Gomba claimed during a Government inter-agency meeting yesterday that Government had failed to provide reliable water to Harare residents.
Chamisa and Gomba are turning a blind eye to the fact that MDC-Alliance has been in charge of HCC since 2000, during which period its Councillors have not made any meaningful investments in its Water, Sanitation and Hygiene (WASH) infrastructure, despite a significant expansion of the urban population through mushrooming of urban settlements. HCC has an annual budget in excess of US$500 million.
Council priorities appear to be misplaced. HCC sponsors Harare City Football club, which gobbled around US$6 million between the 2016 and 2017 seasons. This is abuse of Council resources against the background that in 2017, Council admitted that it was losing an average of 30% of all treated water to leakages and burst pipes along its 6000km water pipes network. Council received a US$144 million loan through Government facilitation from Exim Bank of China, but still the perennial water challenges persisted. What more could Government do besides creating an enabling environment for Council to meet its mandate. Council collects an average of US$14 million per month, yet there is nothing to show for this massive collection.
HCC had failed to rehabilitate its 4000 km network of roads, resulting in massive potholes. The City received a pothole patcher from ZINARA worth $550 000 but still failed to implement a meaningful road rehabilitation programme. The on-going road rehabilitation and resurfacing programme is an initiative by central Government after residents had appealed for its intervention.

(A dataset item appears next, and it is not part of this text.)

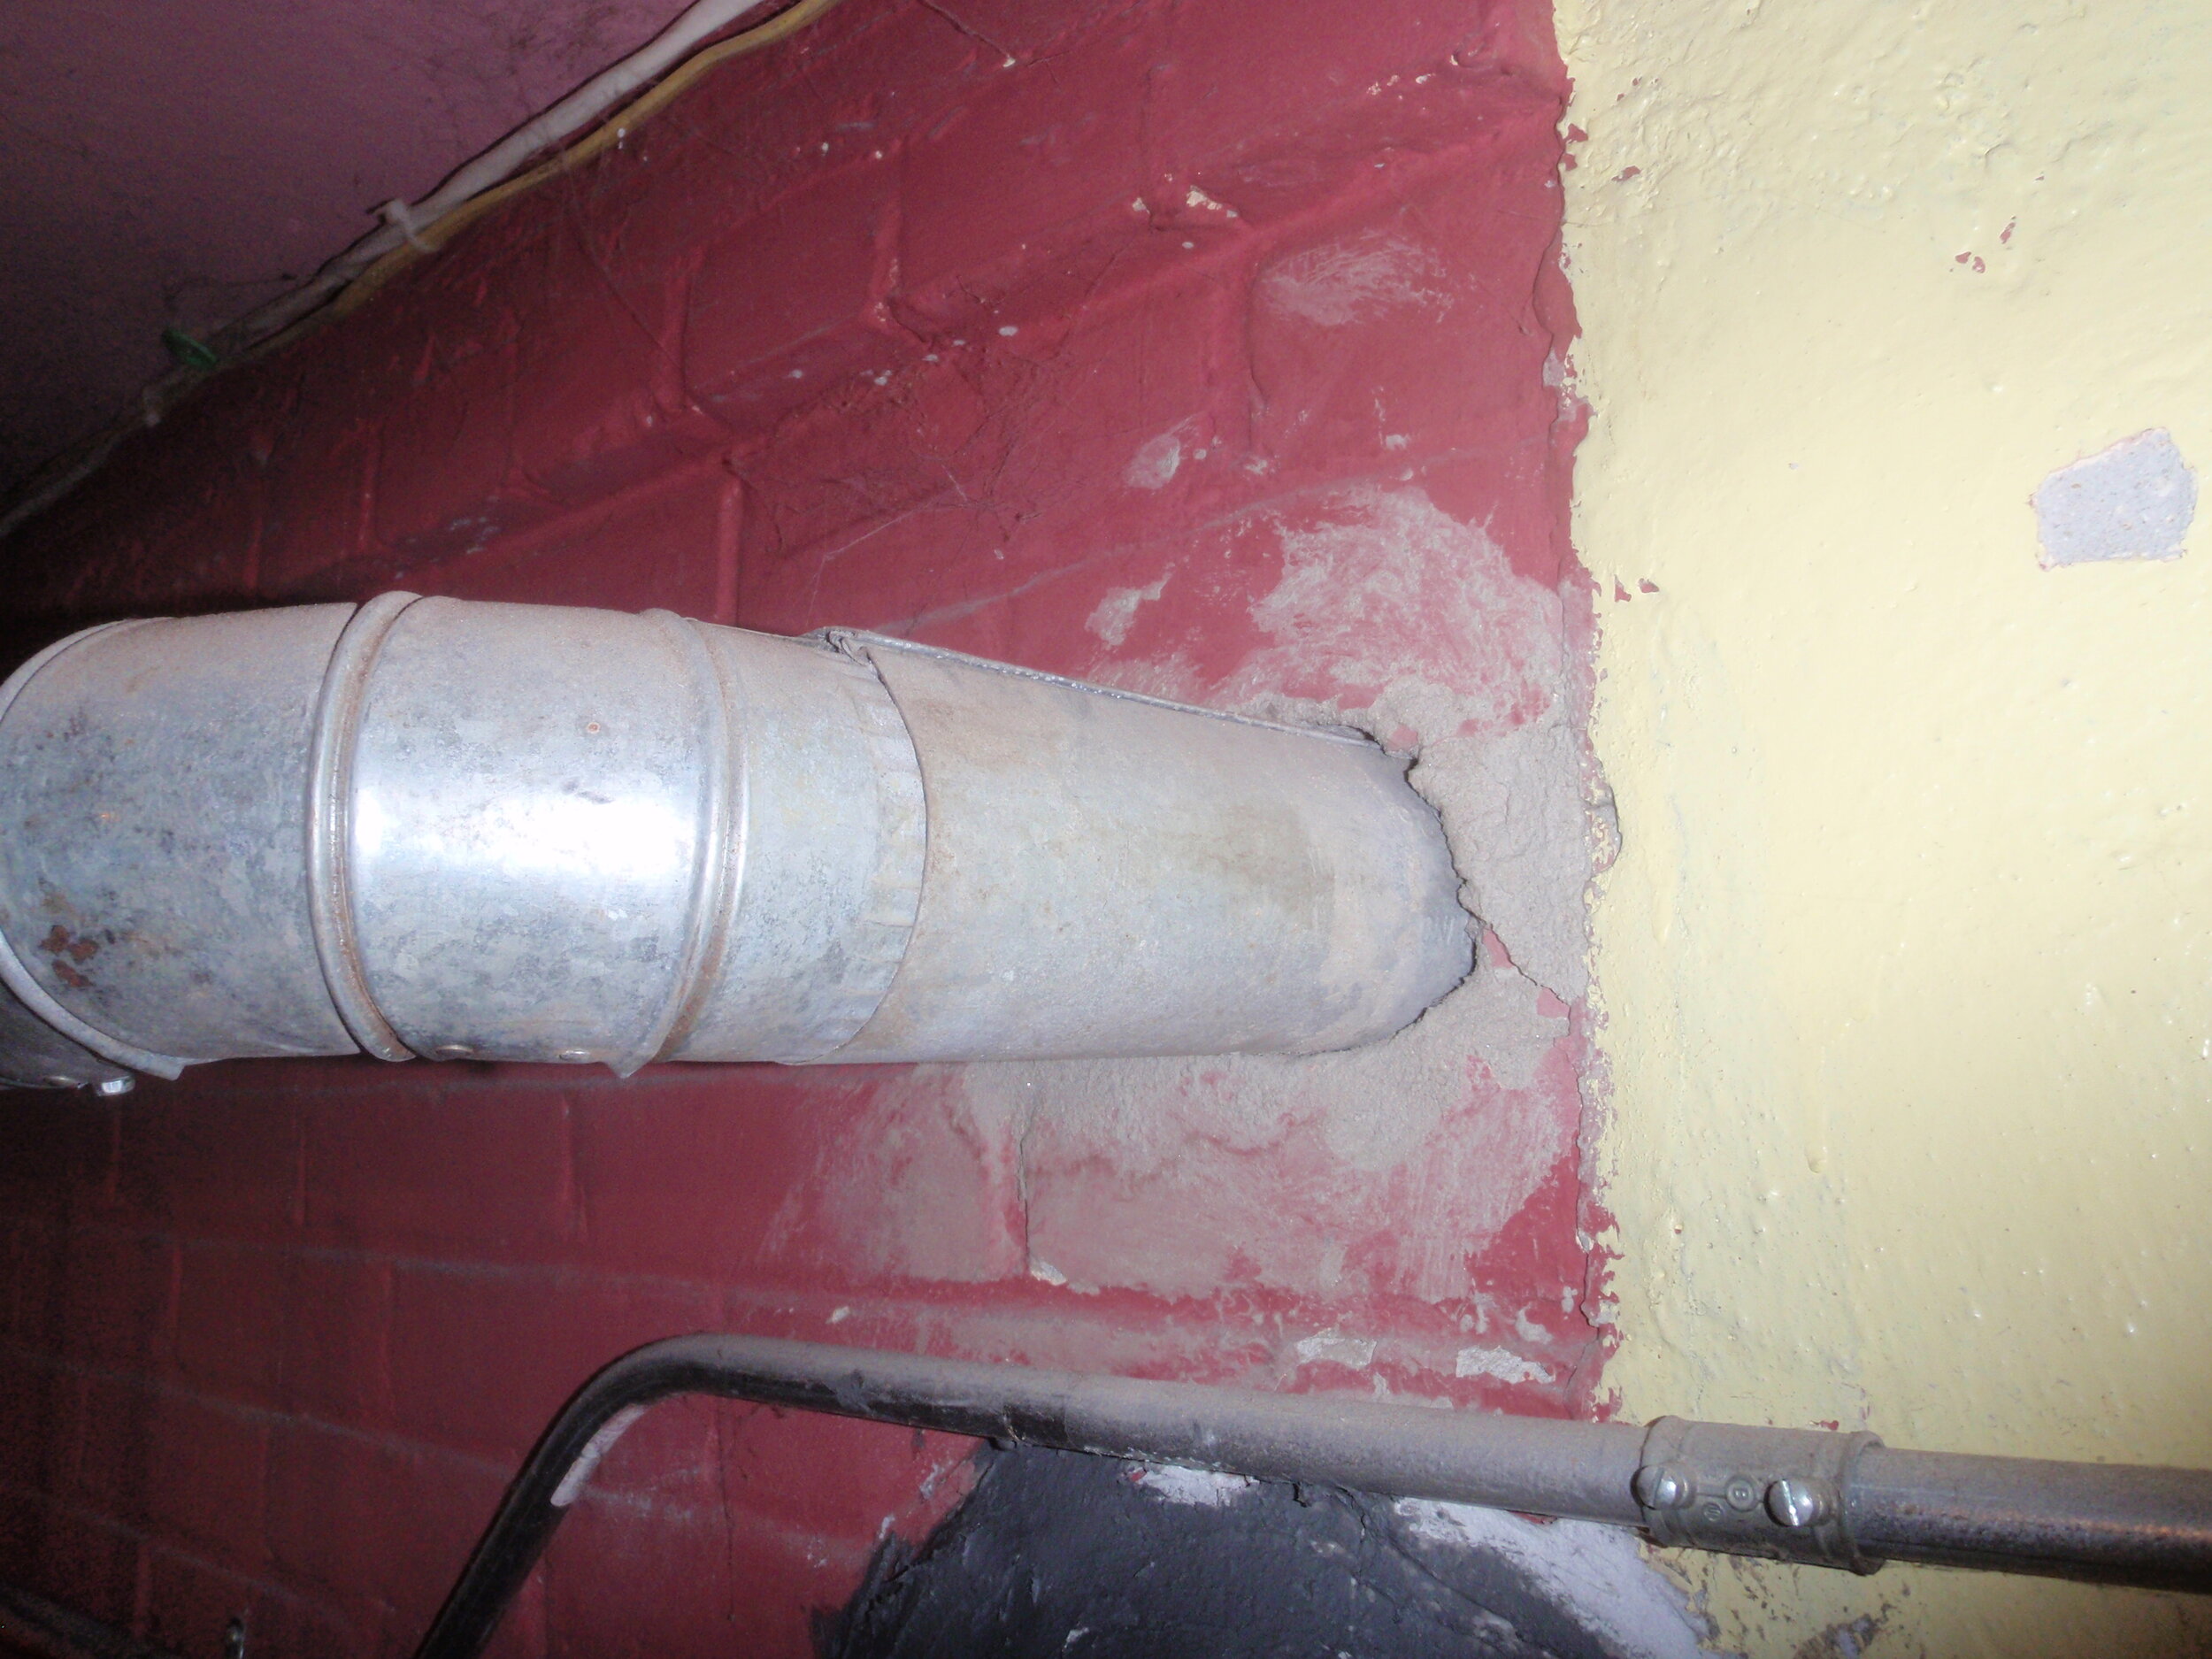 Flue Pipe Improperly Connected to the Chimney without the Required Thimble
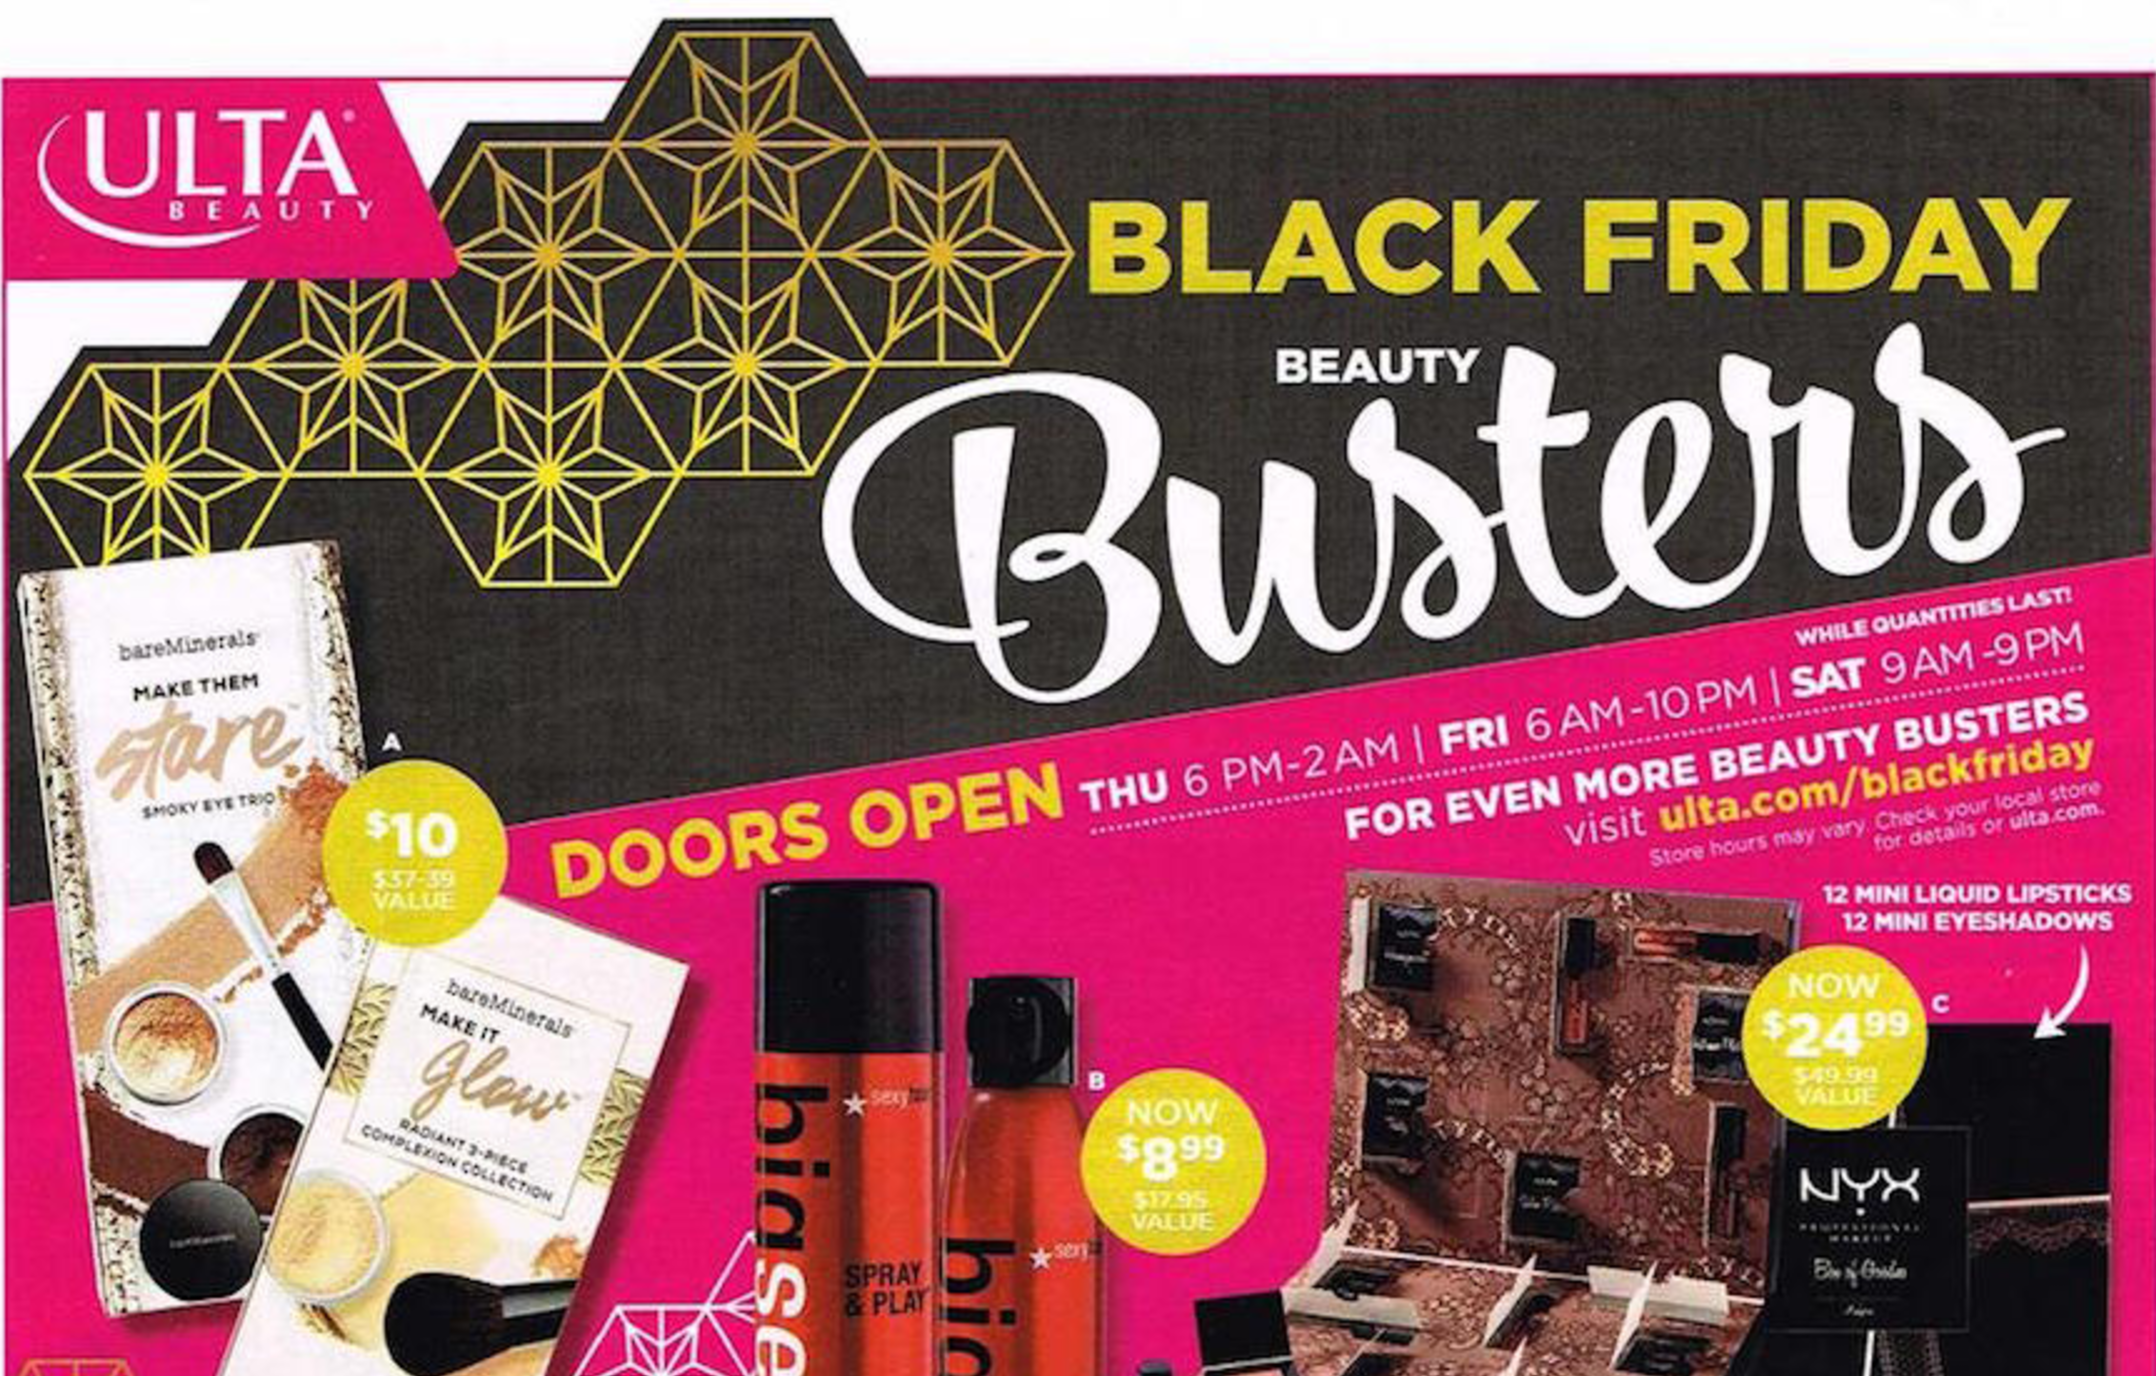 Ulta Black Friday Ad 2016 :: Southern Savers - How To Create Black Friday Deals

What is apparent from the foregoing is that the crop of Councillors elected by urban residents is a far cry from the competency required to turnaround the City’s fortunes. Some of the challenges facing Zimbabwe’s economy emanate from the economic sanctions imposed on the country at the instigation of the opposition party, in the mistaken view of fixing ZANU PF.
All cities under the MDC Alliance are facing more or less the same WASH challenges.
Chamisa needs to get his Councillors to work, instead of playing politics with peoples’ lives.